Maloin recordaba que su mujer había dicho:

—Ha venido Henriette hace un rato.

—¡Otra vez!

Su hija trabajaba de criada en la misma ciudad, casi en el mismo barrio, y se creía con derecho a presentarse en casa con cualquier pretexto. Además, siempre iba para quejarse. Que si el señor Laîné había dicho esto, que si la señora Laîné había dicho aquello.

—Puede que quede vacante la plaza de la farmacia. Siempre es un trabajo más limpio que una carnicería.

Aunque no fuera nada grave, Maloin había salido de mal humor. Tampoco su malhumor podía considerarse grave. De hecho, le impidió coger su termo de esmalte azul lleno de café, ni el pan con mantequilla, ni el salchichón que le había preparado su mujer.

Cada noche se marchaba a la misma hora, exactamente seis minutos antes de las ocho. Su casa y dos o tres más se encontraban en lo alto del acantilado y, al salir, veía a sus pies el mar, la larga escollera del puerto y, más a la izquierda, las dársenas y la ciudad de Dieppe. Como estaban en pleno invierno, el paisaje, a esas horas, se componía tan solo de luces: los tonos rojos y verdes de las escolleras, las luces blancas de los muelles reflejadas en el agua y todas las luces hormigueantes de la ciudad.

«No hay mucha niebla», observó para sí.

Durante cuatro días habían sufrido una niebla tan densa que los transeúntes chocaban unos con otros en la calle.

Maloin bajó la cuesta, dobló a mano izquierda y se encaminó hacia el puente. A las ocho menos dos minutos pasaba frente a la estación marítima. A las ocho menos un minuto empezó a subir la escalera de hierro que llevaba a su atalaya.

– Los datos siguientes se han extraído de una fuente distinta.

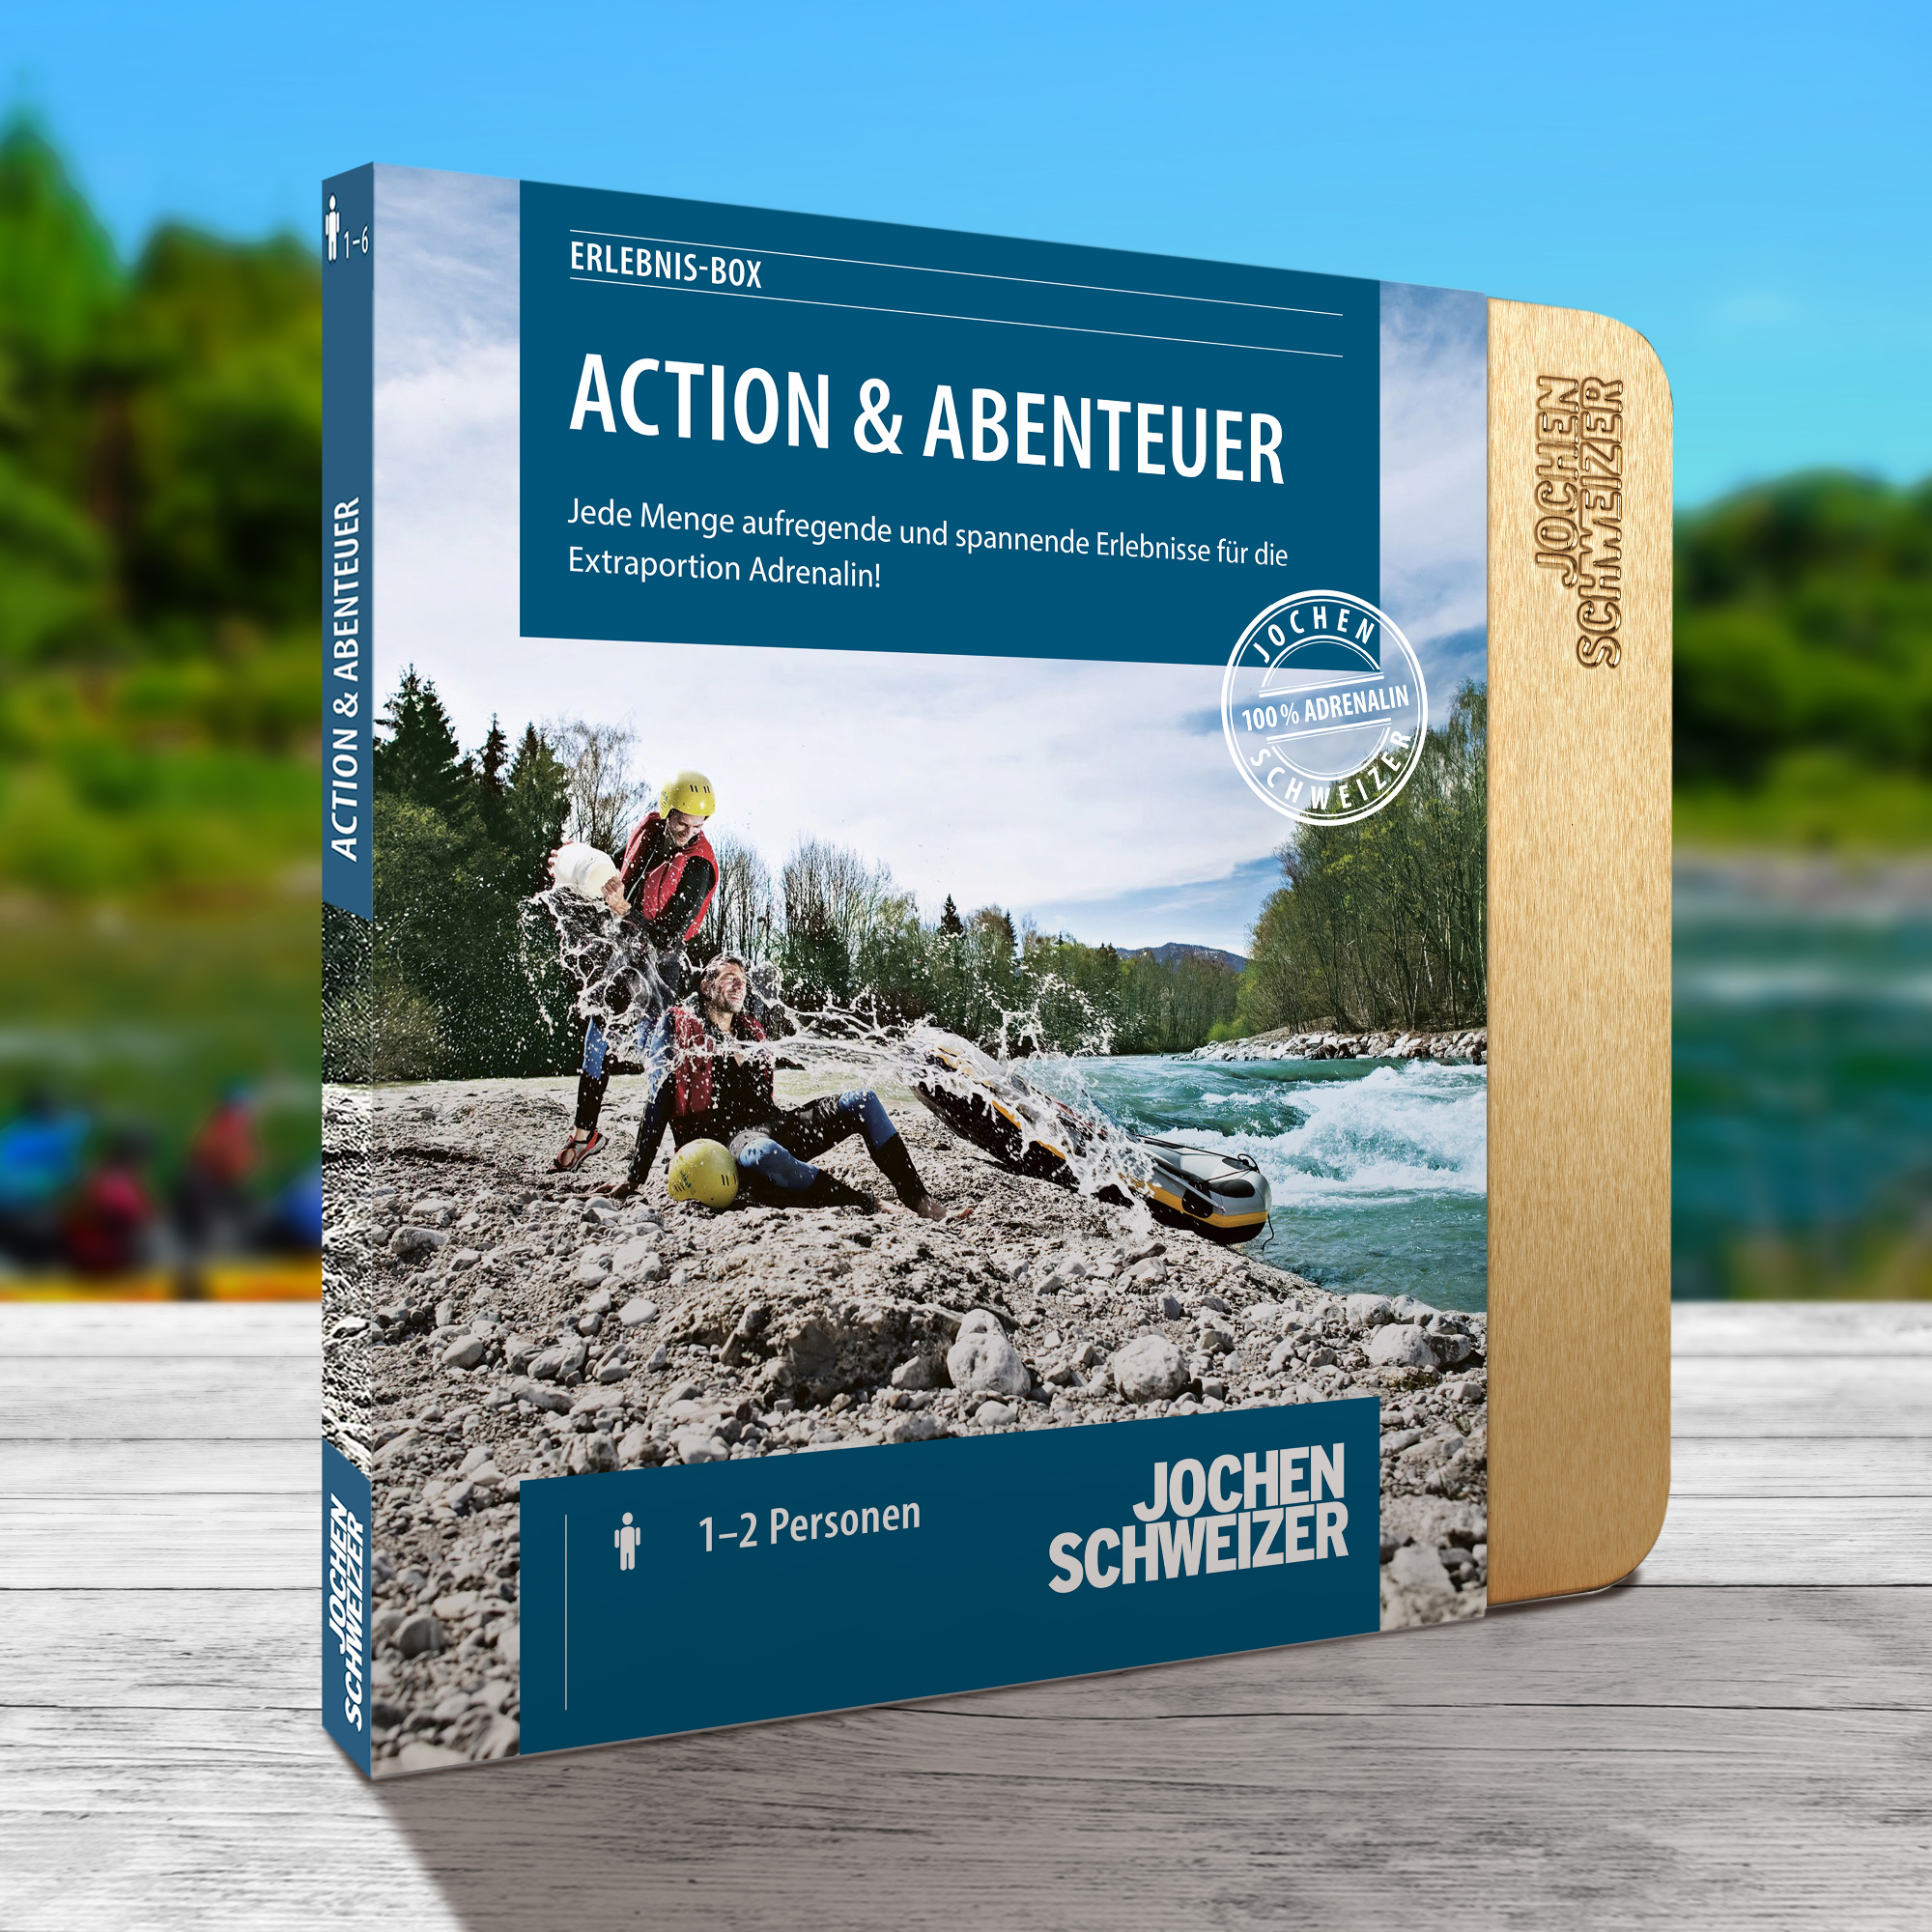 Action & Abenteuer - Erlebnisgeschenk 4192

Maloin era guardagujas. Al contrario que la mayoría de los guardagujas, cuyas cabinas se hallan fuera del trajín urbano, ubicadas entre las vías, los terraplenes y las señales, la suya estaba en plena ciudad, e incluso en el corazón de esta. Ello obedecía a que su estación no era una auténtica estación, sino una estación marítima. Los barcos que llegaban de Inglaterra dos veces al día, a la una y a medianoche, atracaban a lo largo del muelle. El rápido de París, tras abandonar la estación normal, que estaba en la otra punta de Dieppe, cruzaba las calles como un tranvía y se detenía a unos metros del barco.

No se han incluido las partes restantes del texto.